Mr Burnham said the question of how to improve the bus network was the ‘big choice’ facing the public of Greater Manchester ahead of casting their vote.
“It’s only by taking control of the system so we decide where the buses go, we decide what the buses charge that we can create a London-style integrated transport system,” he added.
“By 2025 I commit to having effectively a single system over bus and tram where people can take as many as they like in a given day and only pay up to a cap.
“I am not going to accept the status quo.”
However, Ms Evans (pictured above), the Conservative candidate, challenged Mr Burnham on his franchising plans and thanked the bus companies for their work during the Covid-19 pandemic.
She said: “The concept of this is the mayor’s big plan is to talk about buses when we’ve got police in special measures is quite shocking.
“We’re only buying up old bus depots with the system that the mayor’s presently looking at, he’s also looking at a ticketing machine and 57 more staff. We’re not talking about greener cleaner buses to go to more places.
“I think that the way the consultation was done during Covid was unacceptable and I also think we should say a big thank you to the bus operators and the bus drivers who have done absolutely so much during Covid to keep going.”
Powering up the mayor
The four candidates were also asked what single power they wanted to be devolved from Westminster to the Mayoralty.
Mr Leposi for the Liberal Democrats called for public health budgets to be removed from the hands of individual council and put under the control of Greater Manchester.
“So we can better manage future pandemics and health scares and other health issues within our city region with a public health taskforce that can be deployed more effectively and more nimbly,” he said.
“As opposed to a fragmented ten council approach to public health.”
Labour’s Andy Burnham said it was a choice between ‘social security, the DWP budget or post-16 skills’.
But picking the latter, he added: “If we are to continue to see the inward investment that we’ve seen here in recent years, we need to ensure that we’ve got a talent pipeline into the digital economy.
“Our local industrial strategy needs a local skills strategy to underpin it and at the moment as a country I think we do skills very badly, it’s all about the university route and young people who are not on the university route often get treated very much as an afterthought, second class citizens.”
Melanie Horrocks for the Greens called for powers to be able to control rents for people living in Greater Manchester.
“What’s more important and would affect more people directly would be to lobby for and obtain powers over a rent control panel to enable us to look at the rents being charged across the city region,” she said.
“And to put in place the powers to protect renters, to look at what the maximum rent would be being charged in comparison to earnings.”
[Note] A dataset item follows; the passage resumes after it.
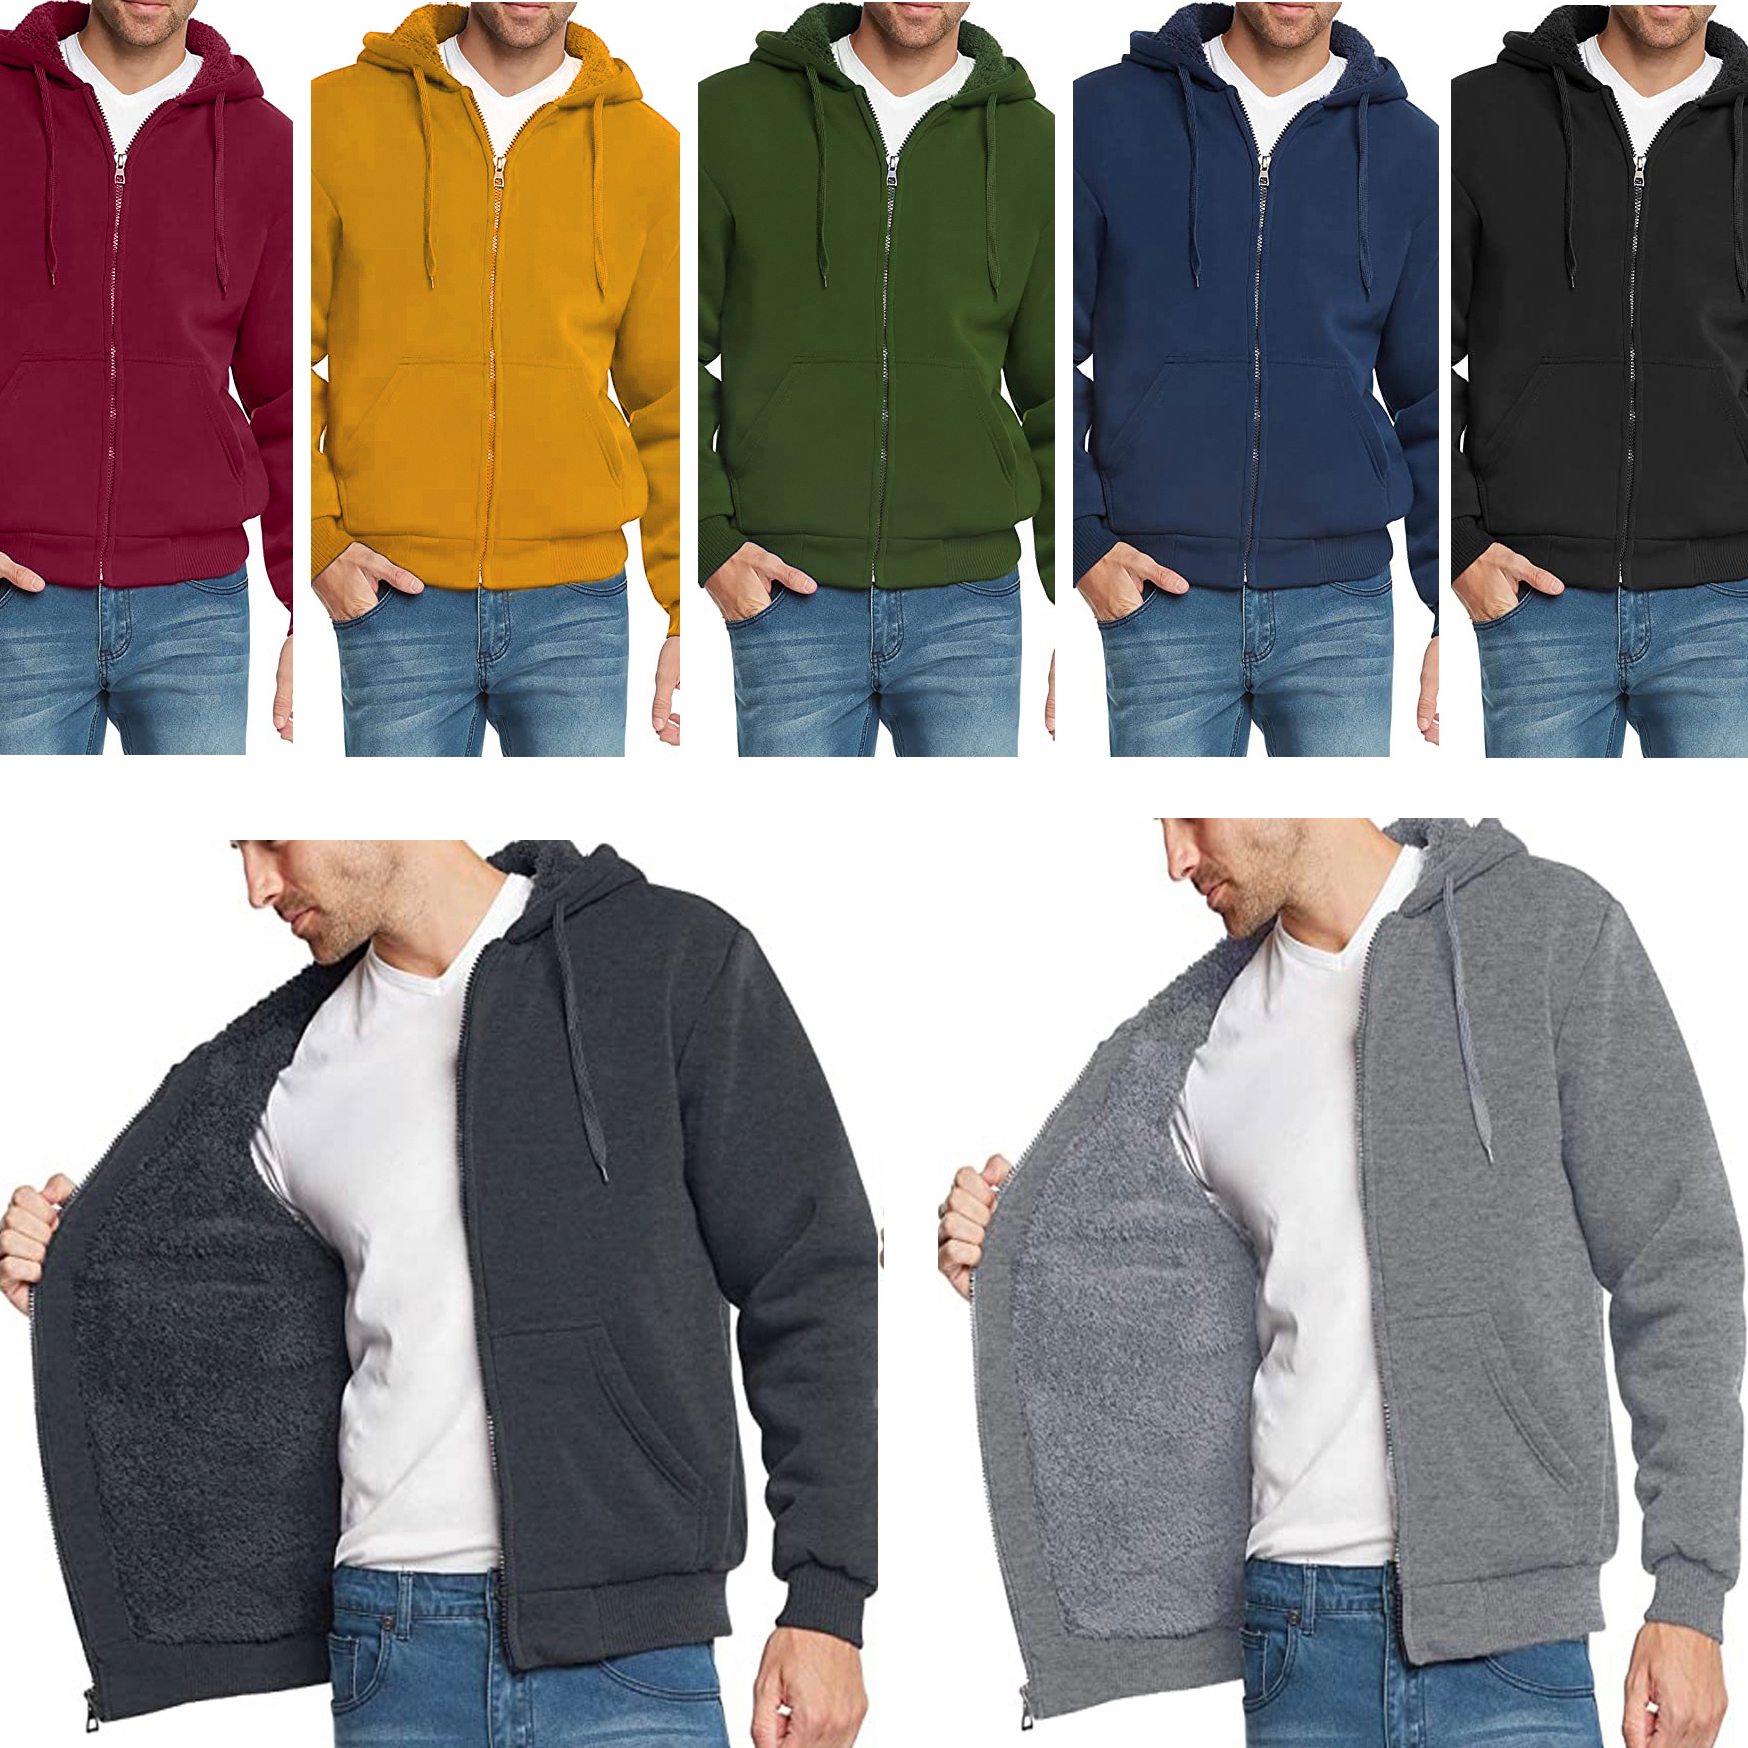 Men's Extra-Thick Sherpa Lined Fleece Hoodie (Big & Tall Sizes Available) - Charcoal, Medium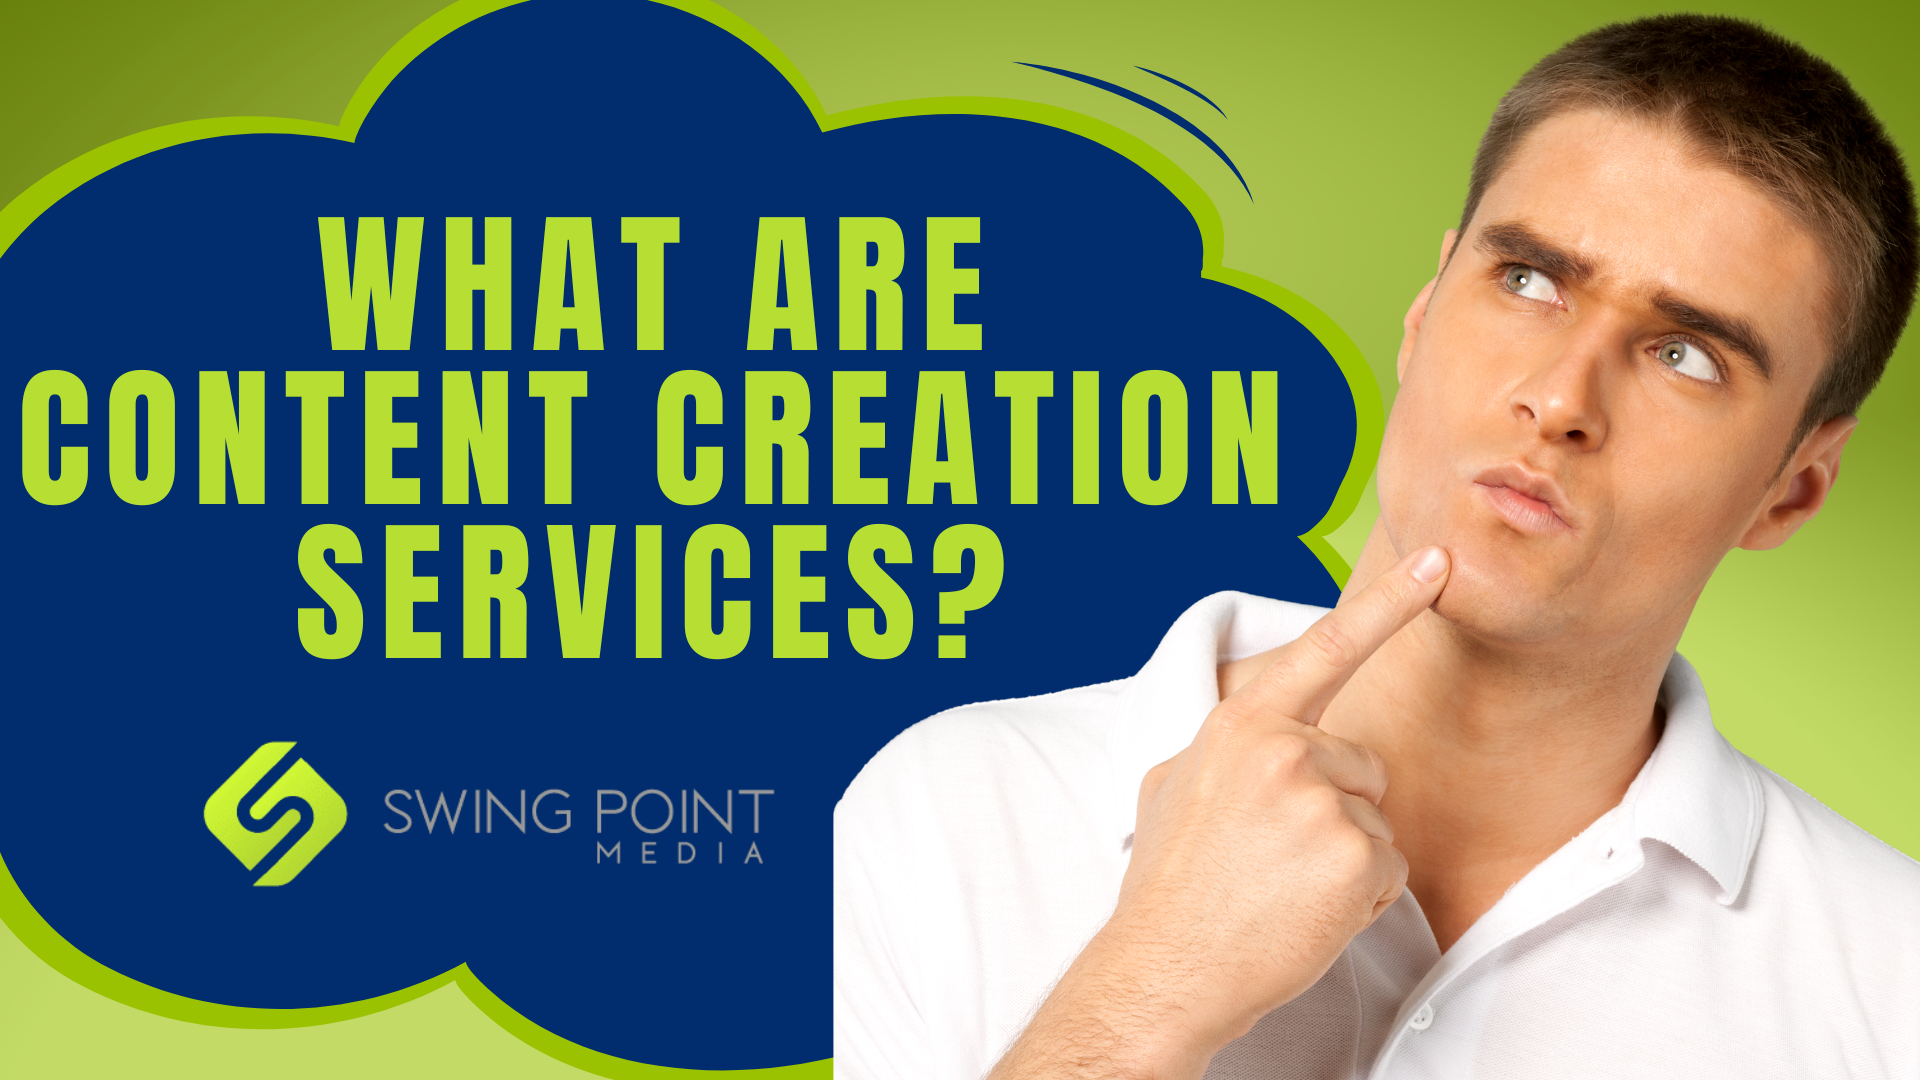 What are content creation services?

There is some cross party support for rent control, with Mr Burnham, Ms Horrocks and Mr Lepori all speaking out in favour of an overhaul of the private rented sector.
But Ms Evans did not highlight a new power to add to the arsenal of the mayoralty, arguing it had plenty already.
“We have an enormous amount of power we are not using in Greater Manchester so before we rush off to find any more I think we need to work with the powers that we’ve got a lot better,” she said.
“Social care in particular, where we’ve got issues, pockets across Greater Manchester are not working well.
“For me it would be definitely all about healthcare and making sure that we make it work an awful lot better than it does at the moment.”